[Items from a dataset]

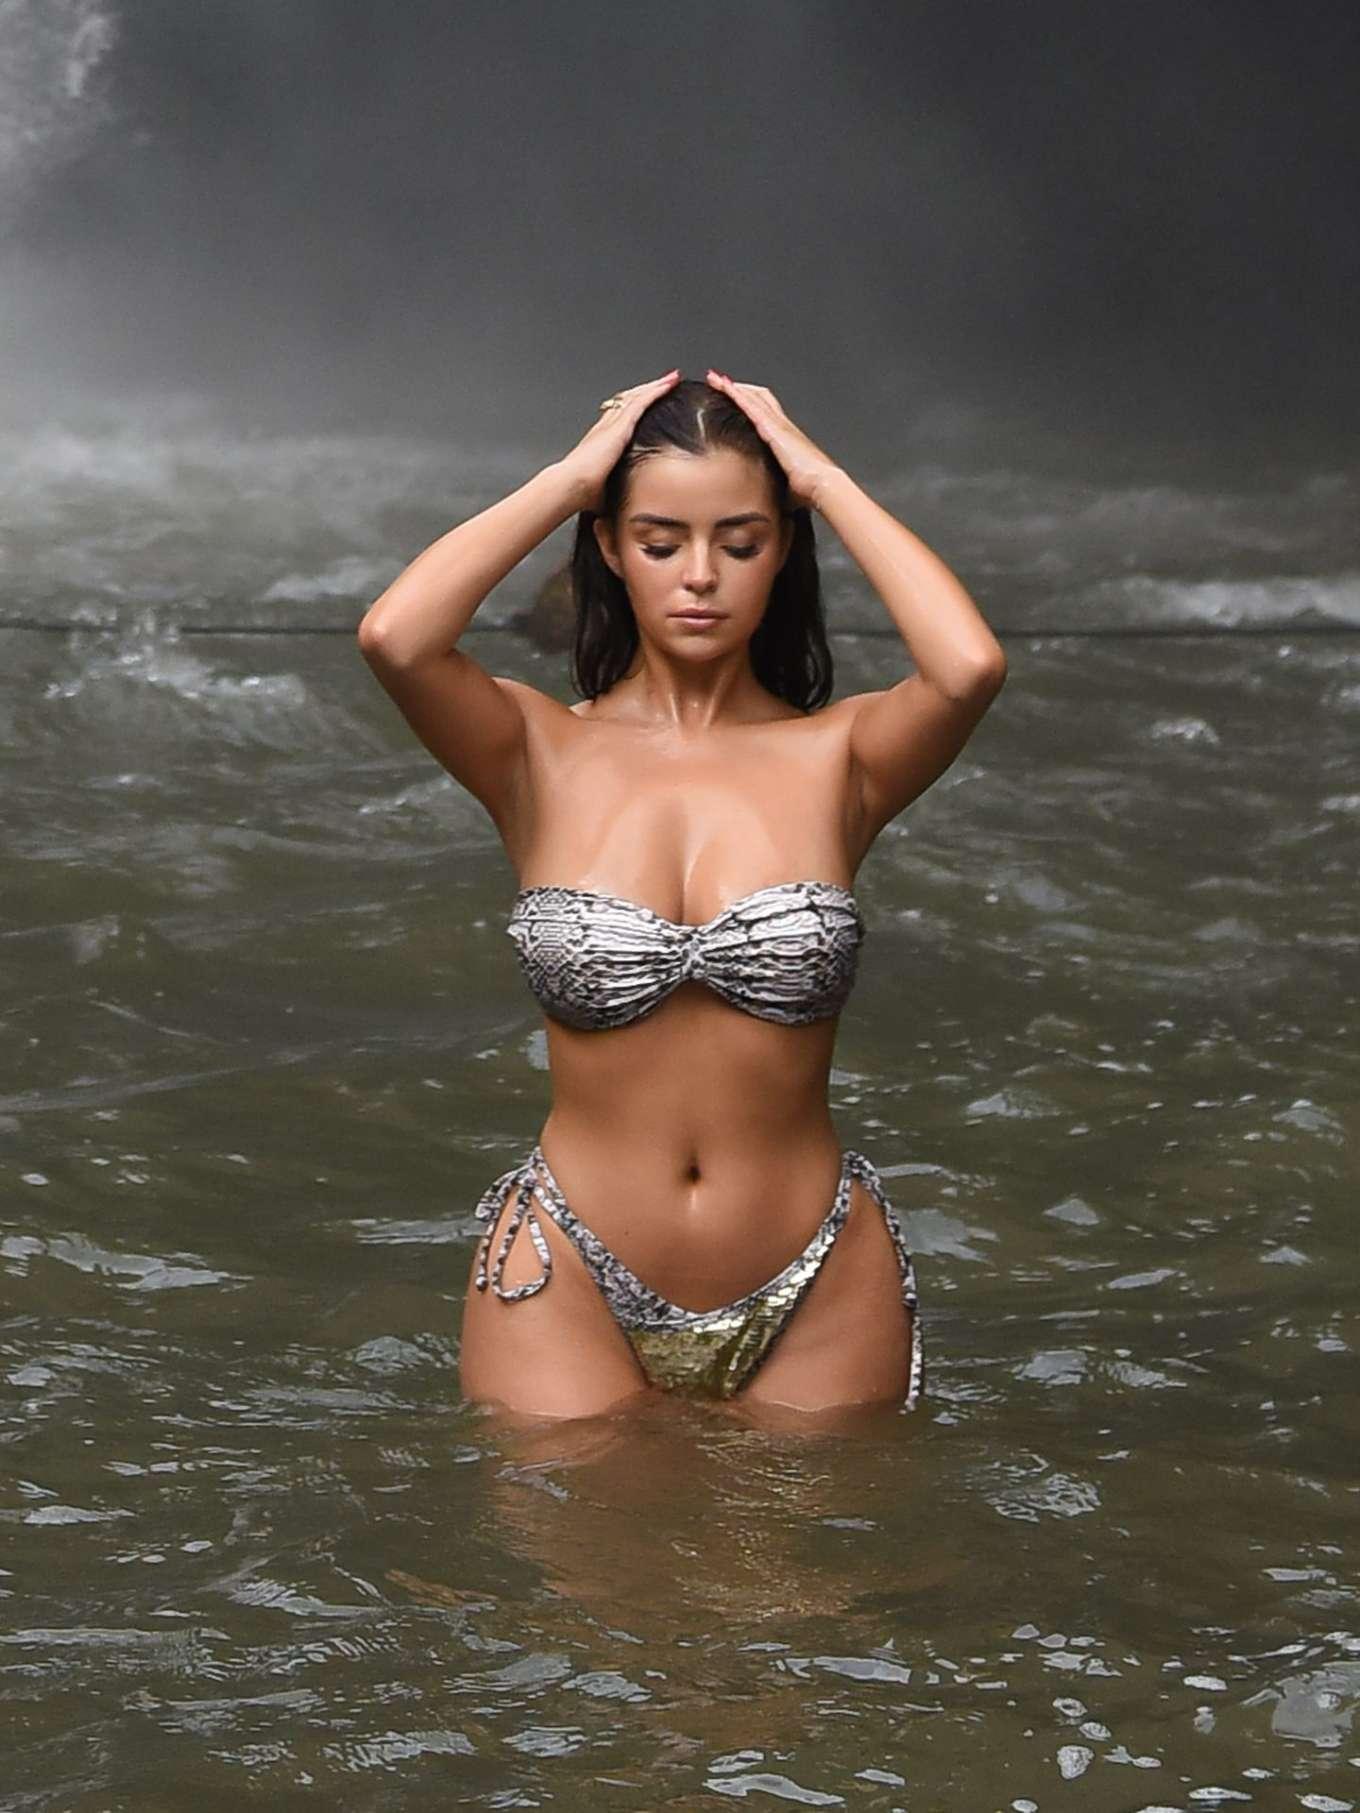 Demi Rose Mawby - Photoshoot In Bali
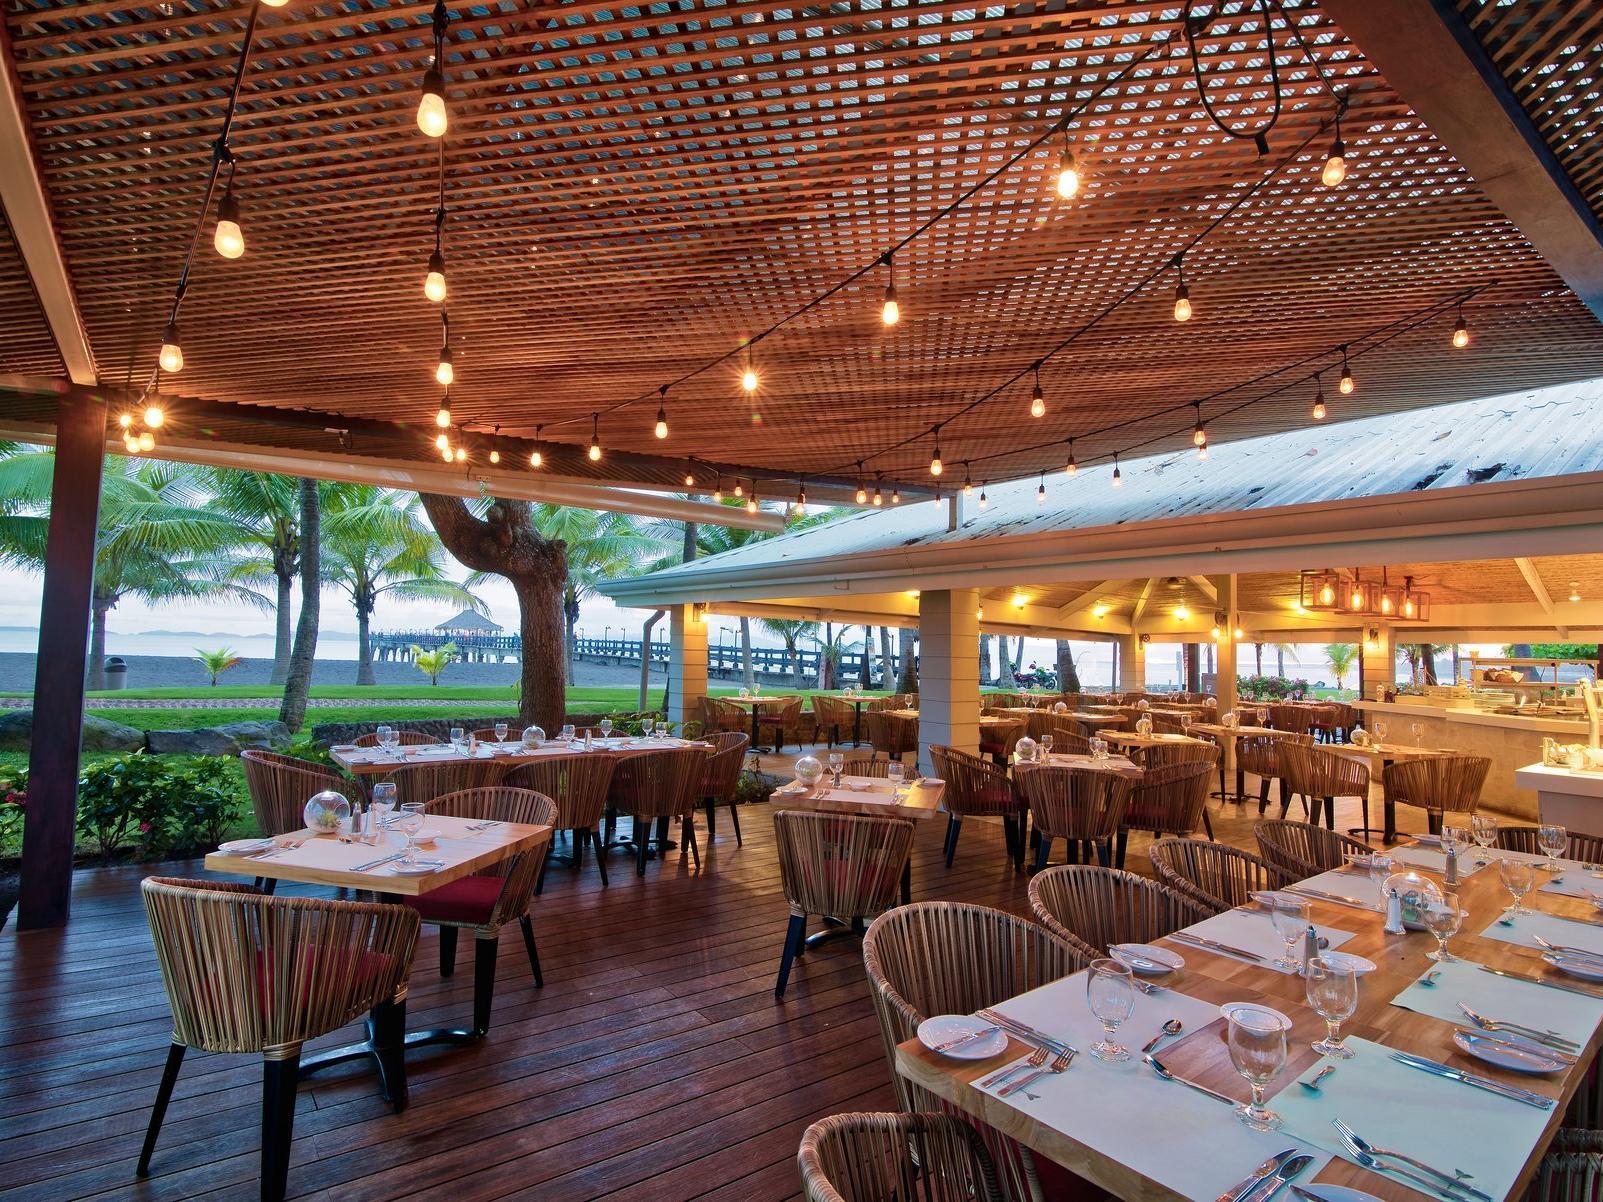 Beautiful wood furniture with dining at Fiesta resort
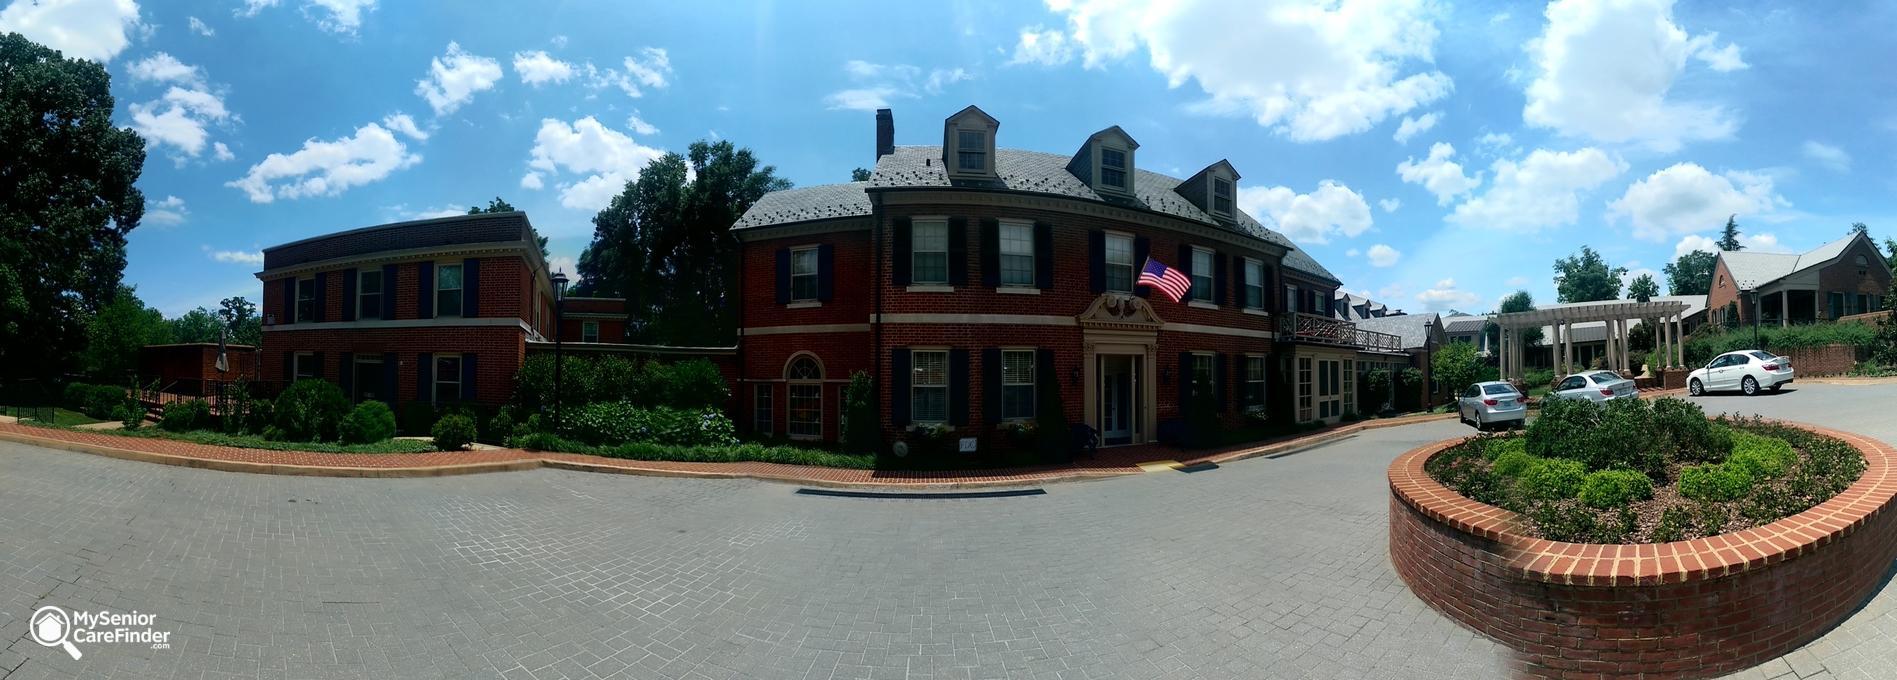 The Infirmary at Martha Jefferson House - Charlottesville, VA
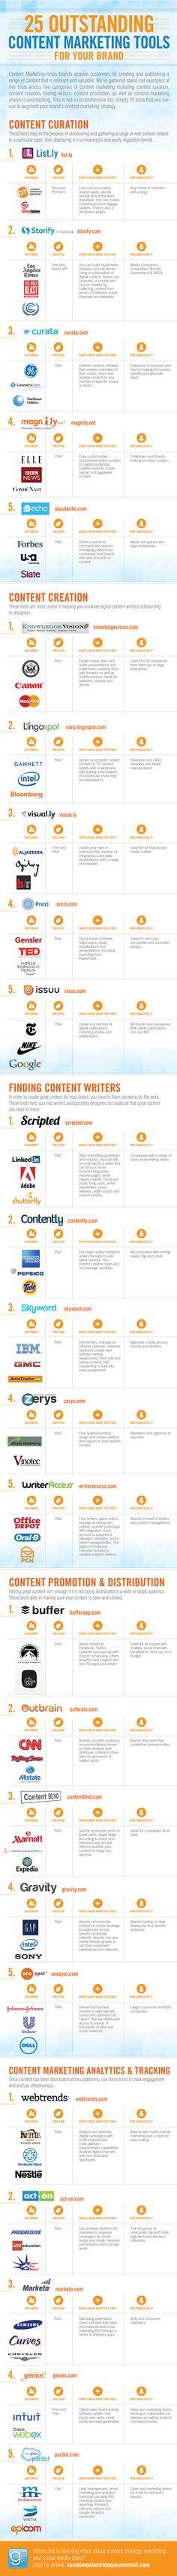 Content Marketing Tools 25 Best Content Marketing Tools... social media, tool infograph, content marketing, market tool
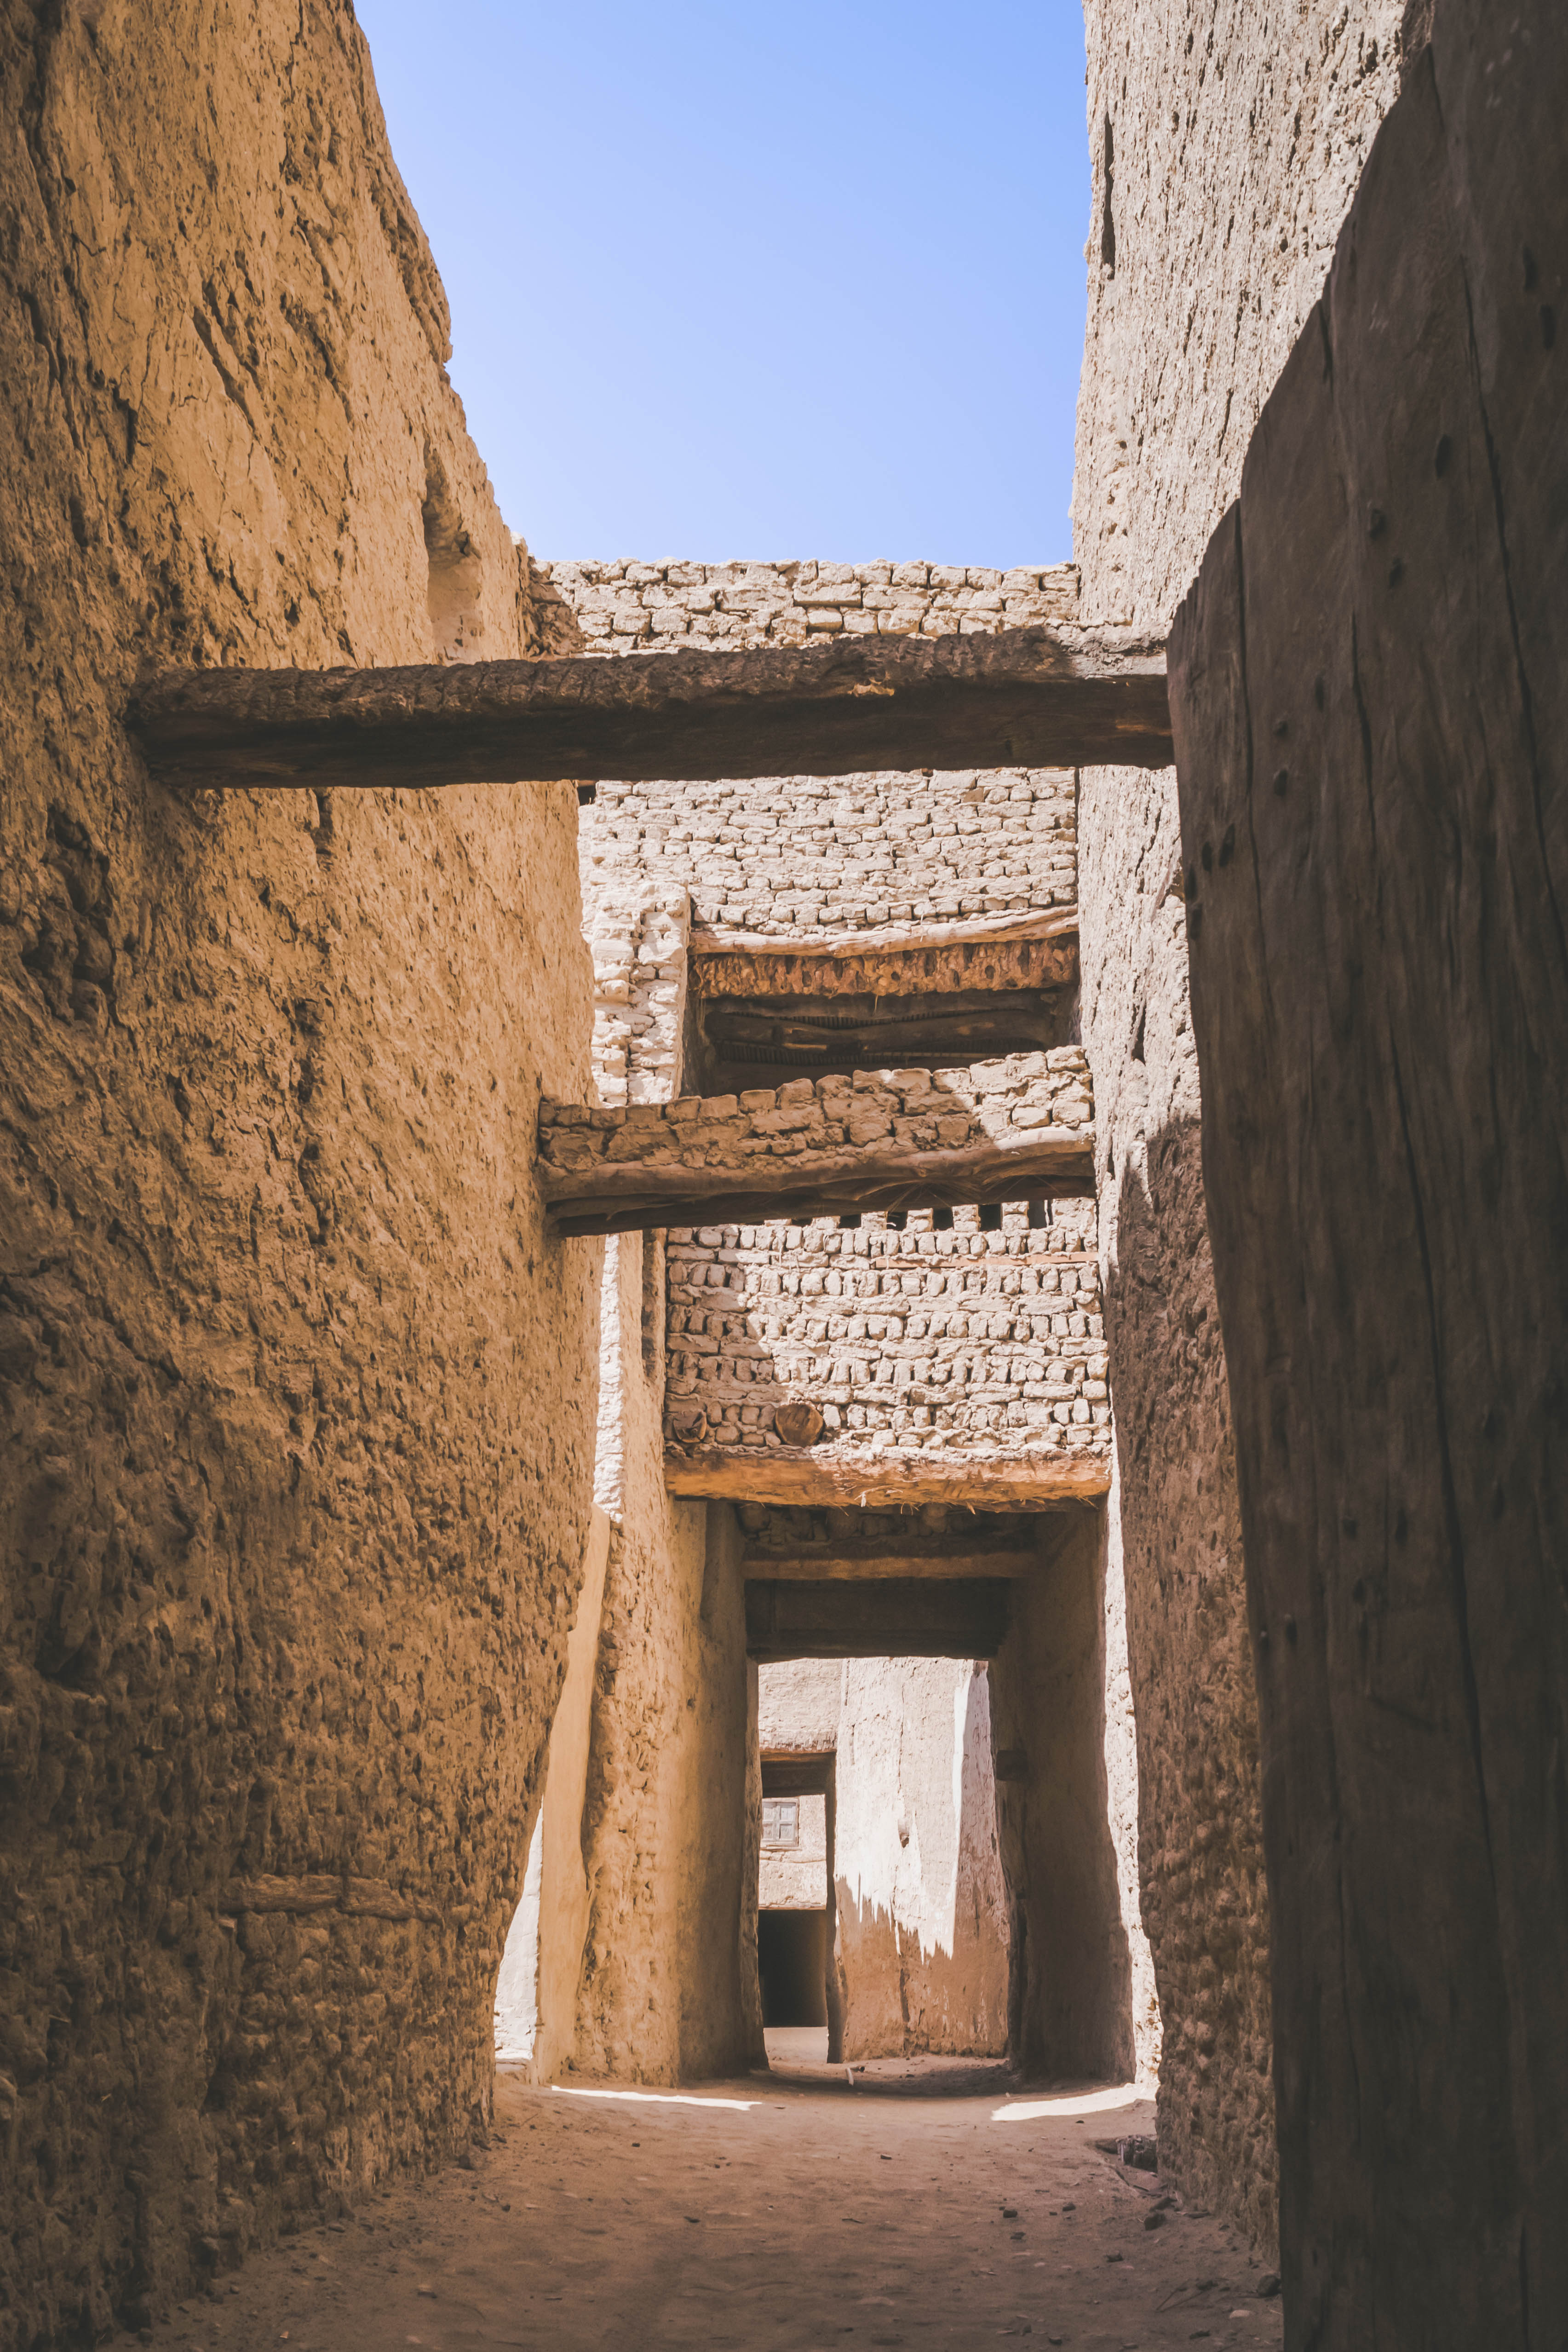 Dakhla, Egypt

Action item – With the pictures left out, copy exactly the lines from the line holding "Content Marketing Tools 25" through the final line of the records, including both.

Result of the exercise –
 Content Marketing Tools 25 Best Content Marketing Tools... social media, tool infograph, content marketing, market tool
 Dakhla, Egypt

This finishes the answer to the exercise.